Research

Hearing is the primary sense underlying that most human of all abilities, verbal communication. How we can understand speech at all in many modern, noisy environments remains a considerable mystery. The fact that we do, and that we do it much better than any machine or algorithm, places research into the neuroscience and psychology of hearing right at the forefront of 21st century science.

About 8-10 million people in the UK have a hearing loss. But only about 20% of them receive a hearing aid or cochlear implant. A further unknown number of millions of people who have listening difficulties without a hearing loss receive only limited, if any targeted support. For the overwhelming majority of people with hearing difficulties, therefore, using the brain to listen, or to ‘fill in’ for an impaired ear may be the only resource they have. If we could improve the efficacy of hearing prostheses by improving the brain’s ability to use them, we could greatly improve their uptake. And if we could improve the brain’s ability to listen we could help many others to communicate more effectively.

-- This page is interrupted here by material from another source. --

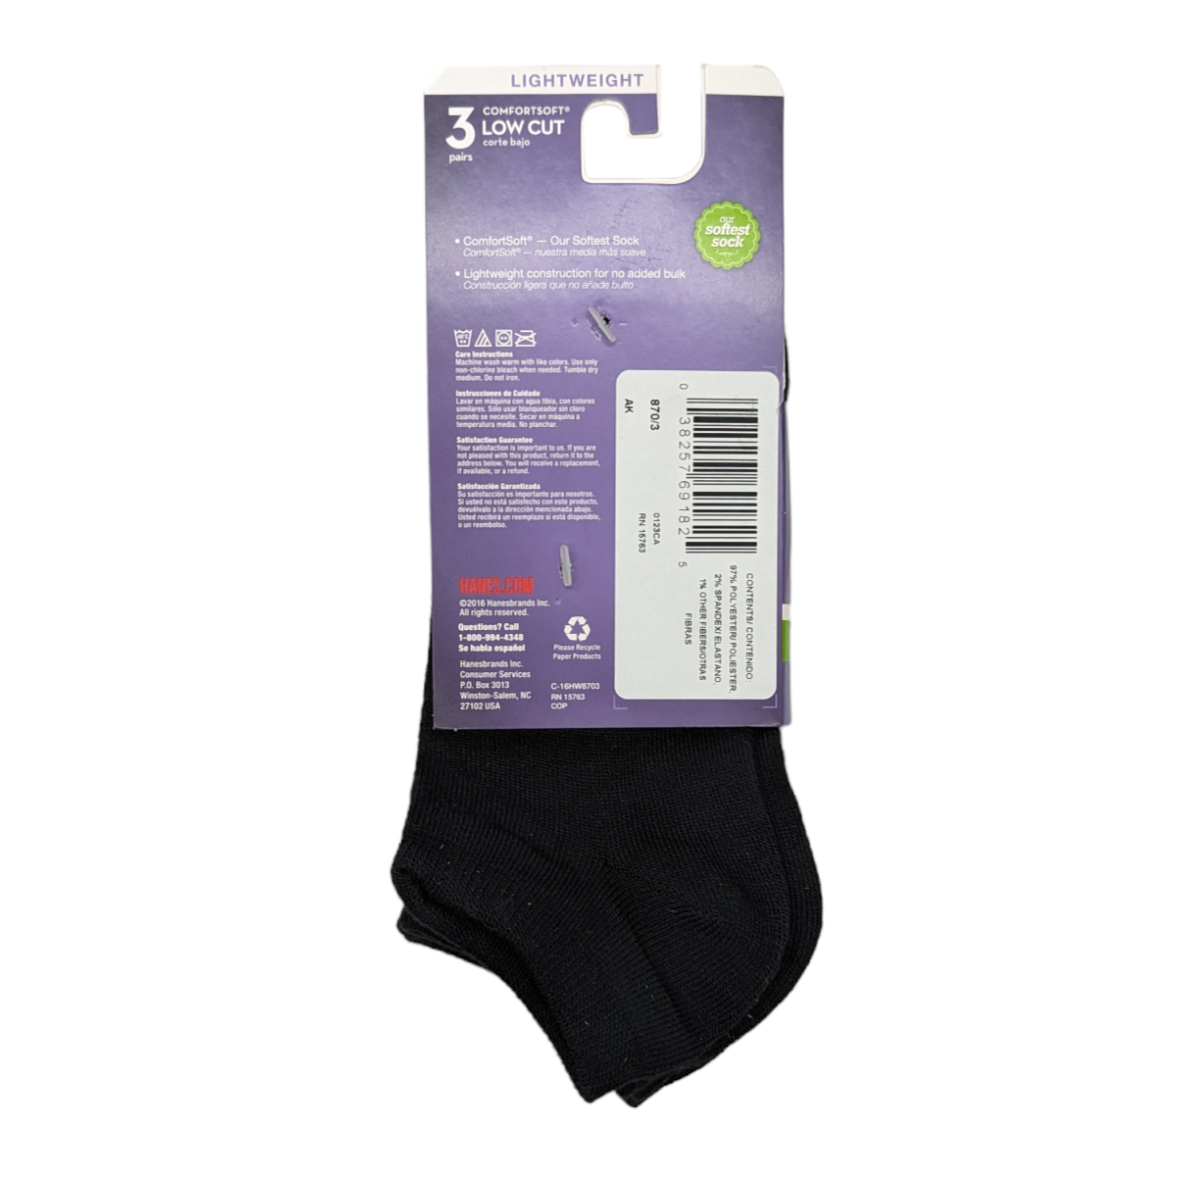 Women's medium low cut socks

The work of the MRC Institute of Hearing Research (IHR) is devoted to this topic: the brain mechanisms of hearing and the associated cognitive and multisensory processes. IHR is one of only a handful of centres around the world that delivers interdisciplinary research on hearing, and is the MRC's largest investment in hearing science. IHR employs senior staff expert in neuroscience, psychology, acoustics, and medicine. It also has a thriving PhD programme. IHR's research covers the full dimension of auditory science, from fundamental neuroanatomy to the quality of life experienced by a patient.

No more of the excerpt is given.